WHAT IS BEING ASKED: Without including any pictures, write out the data below exactly.

DATA EXCERPTS:
_ _ _ _ _
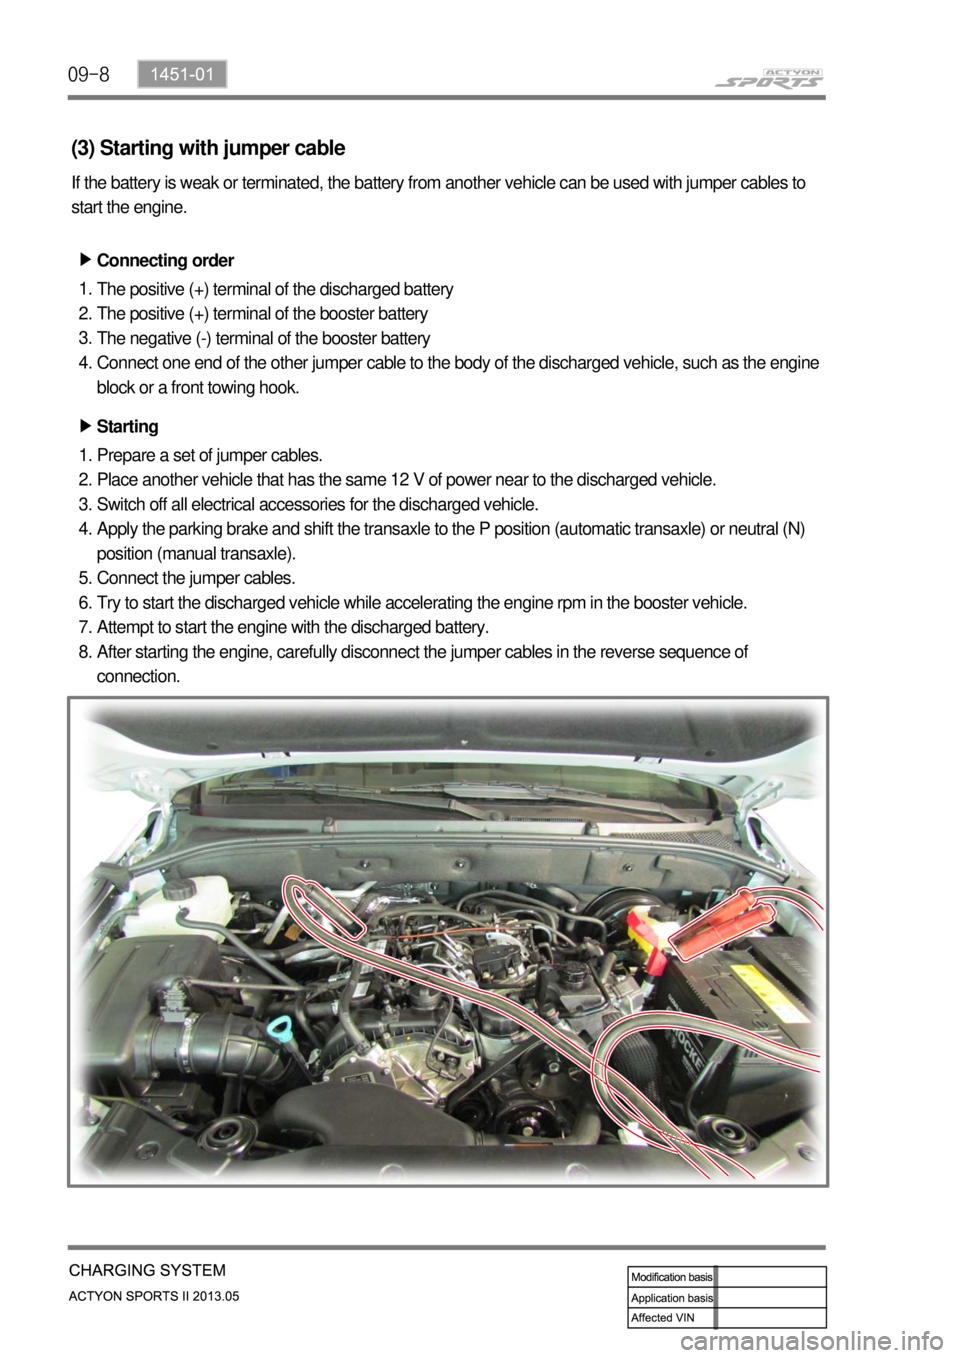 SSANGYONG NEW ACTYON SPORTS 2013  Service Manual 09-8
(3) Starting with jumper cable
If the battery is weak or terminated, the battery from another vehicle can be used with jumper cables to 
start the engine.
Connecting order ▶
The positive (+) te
_ _ _ _ _
ANSWER SPACE:
 SSANGYONG NEW ACTYON SPORTS 2013  Service Manual 09-8
(3) Starting with jumper cable
If the battery is weak or terminated, the battery from another vehicle can be used with jumper cables to 
start the engine.
Connecting order ▶
The positive (+) te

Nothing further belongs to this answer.